Strategy is no longer about long-range planning. Rather it is about setting out a direction of travel, keeping your corporate receptors open and being quick enough to respond to life’s opportunities along the journey.

Improvisation is a core skill for leaders in a disruptive world. We can learn about improvisation from textbooks but it is much easier to learn from deliberate practice. A rich arena of practice is that of improvisation excellence from the world of the arts, especially in music, where we can observe overt behaviour in teams.

Many taken-for-granted ‘sacred cows’ in business must be slain in order to succeed in a VUCA world. These include: the idea that being first to market is not the only strategy for success; the need for coopetition rather than competition in a connected world; the notion of strategic drift and a strategy; and the need for rapid learning, unlearning and relearning to develop an agile enterprise.

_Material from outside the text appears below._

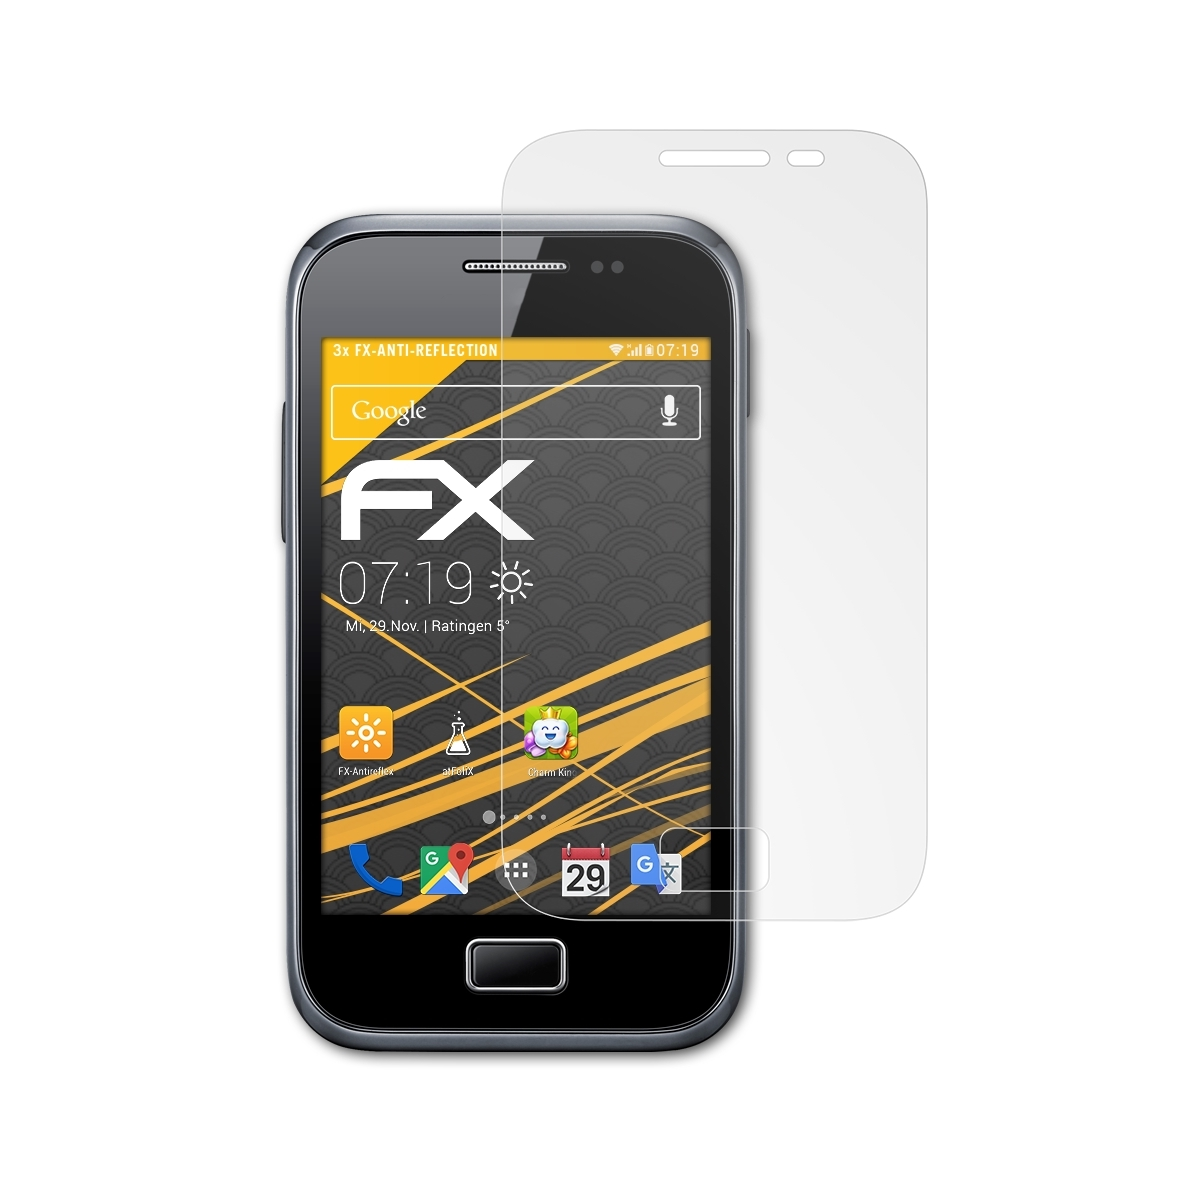 Samsung 3x Ace ATFOLIX FX-Antireflex Plus Displayschutz(für (GT-S7500)) Galaxy
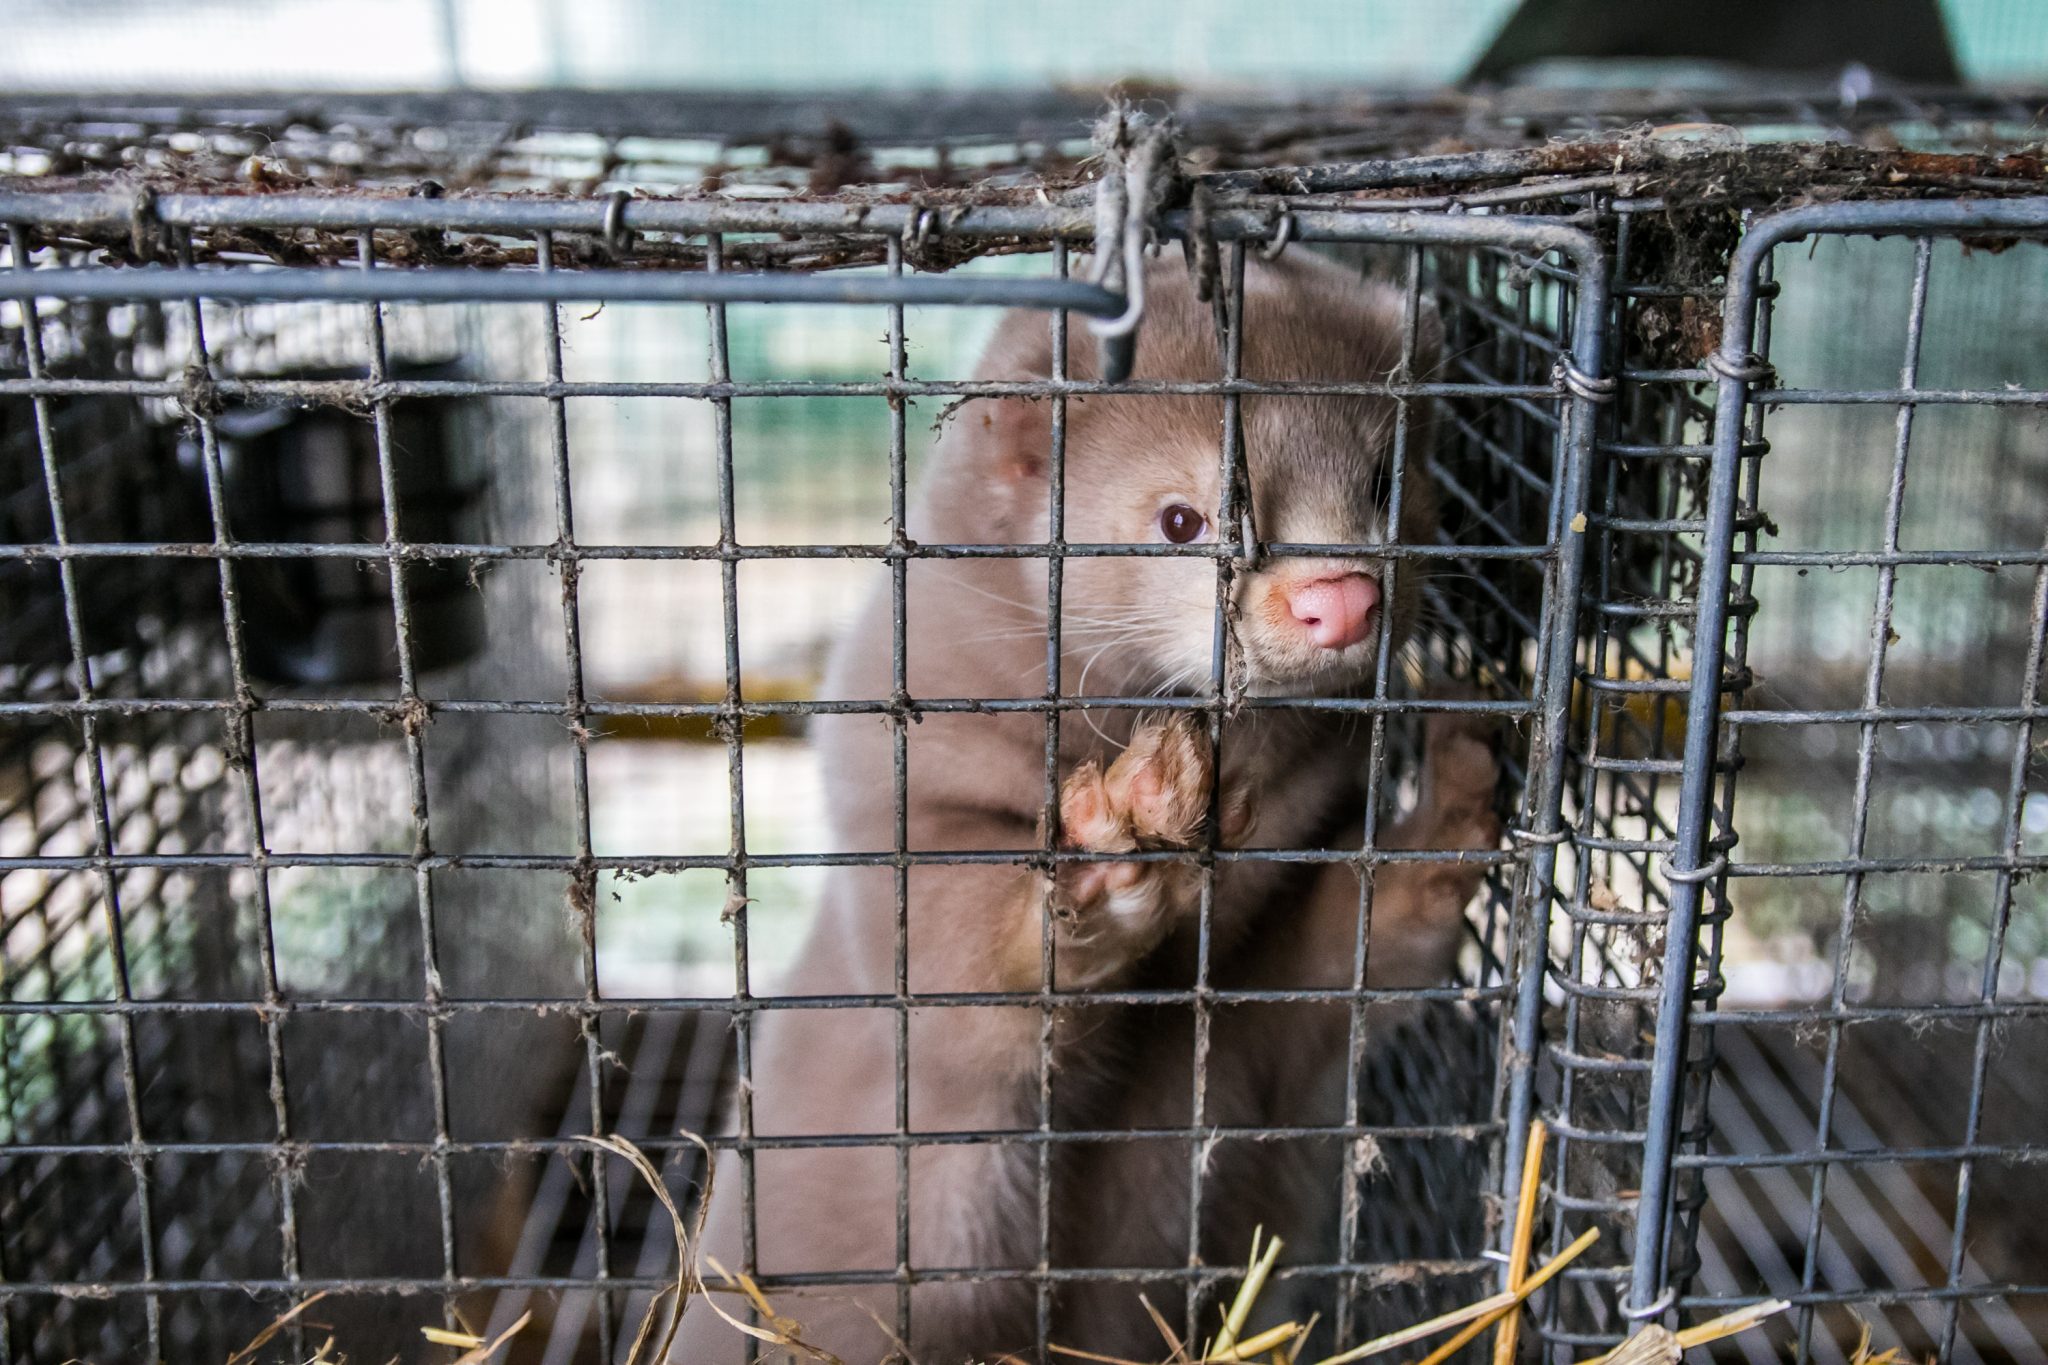 Minkavlere desperate: Har ikke fået kompensation for mink endnu

BBEs need supremely good HR strategies and practices to engage their people. This includes a culture of meaningful participation and one that encourages people to bring their heads, hearts and souls to work.

Biology beats computers when it comes to organisational design. That said we would do well to learn from the discipline of the digital logical world when designing our enterprises. We will have the opportunity to do both in the future and reach a point of convergence between what Chandler predicted in 1962 and reality, that structure should follow strategy.

We have all the potential in the world to do better at designing our workplaces if we think carefully about enterprise designs that engage people’s heads, hearts and souls.